Jacki O writes "According to their Web site the Space Elevator company Lifport recently managed to get their platform and climbing robot to the mile-high mark over the Arizona desert." From the announcement: "A revolutionary way to send cargo into space, the LiftPort Space Elevator will consist of a carbon nanotube composite ribbon eventually stretching some 62,000 miles from earth to space. The LiftPort Space Elevator will be anchored to an offshore sea platform near the equator in the Pacific Ocean, and to a small man-made counterweight in space. Mechanical lifters are expected to move up and down the ribbon, carrying such items as people, satellites and solar power systems into space."

23 of 572 comments (clear)

  1. 1 down, 61,999 to go! by lannocc · · Score: 5, Insightful

    A little progress is better than no progress.

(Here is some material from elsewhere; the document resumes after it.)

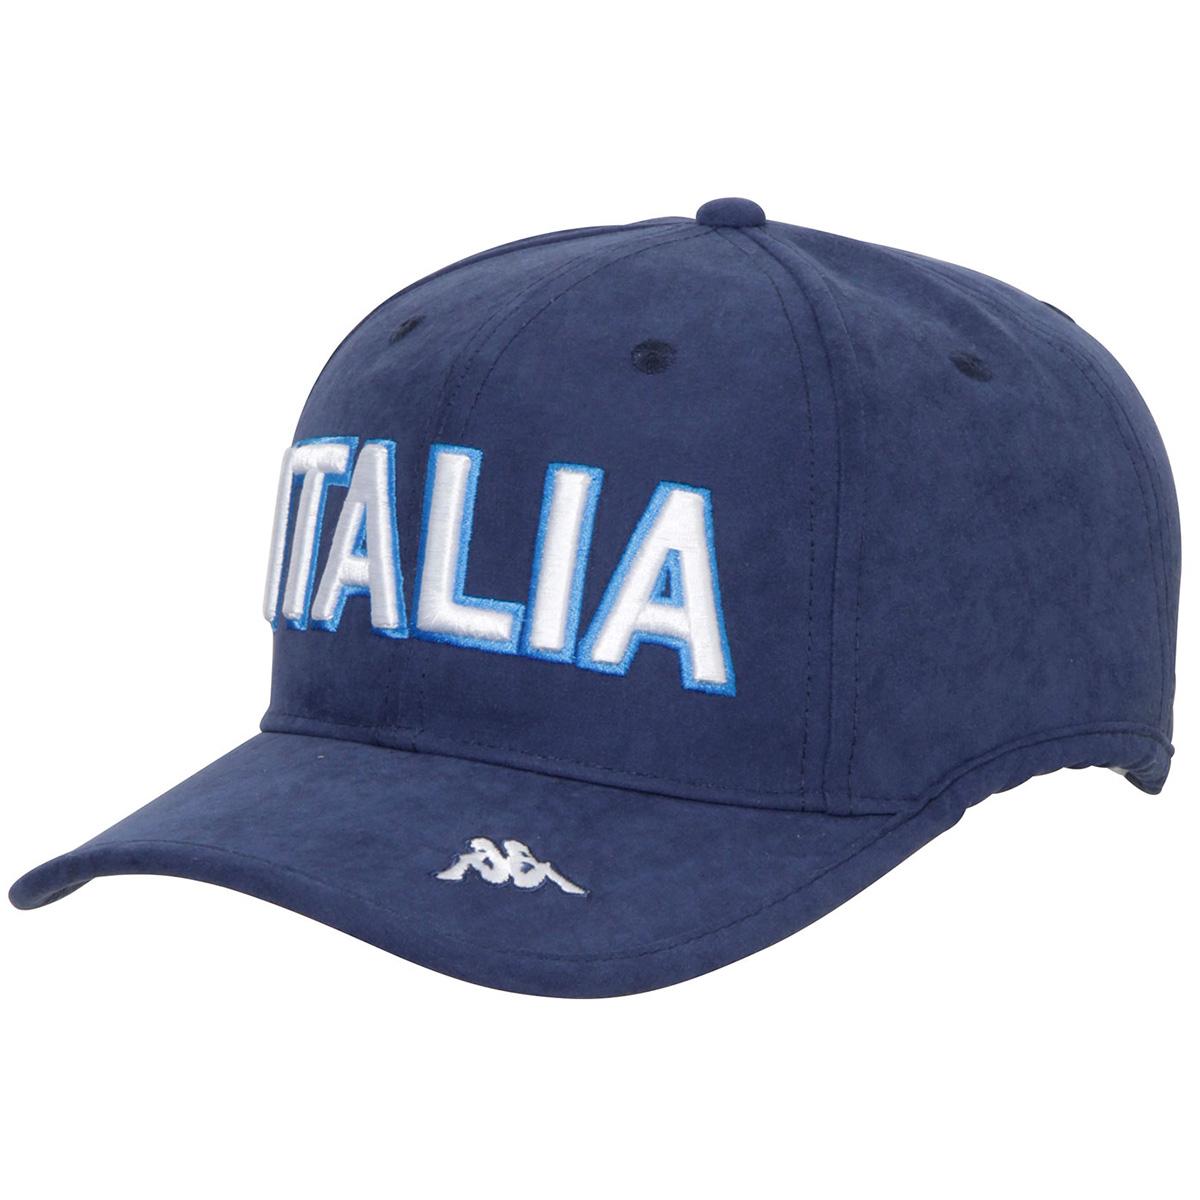 ITALIA ロゴキャップ

    1. Re:1 down, 61,999 to go! by ceoyoyo · · Score: 2, Insightful

      When "duh" and "clueville" get combined in one reply it's time to put on a Barney tape and go back to playing poker with the adults. Enjoy.

  2. video by kevin.fowler · · Score: 2, Insightful

    Regardless of how many descriptions of a space elevator I read, I can not grasp a visual of the process. Anyone have a video of something like the post topic?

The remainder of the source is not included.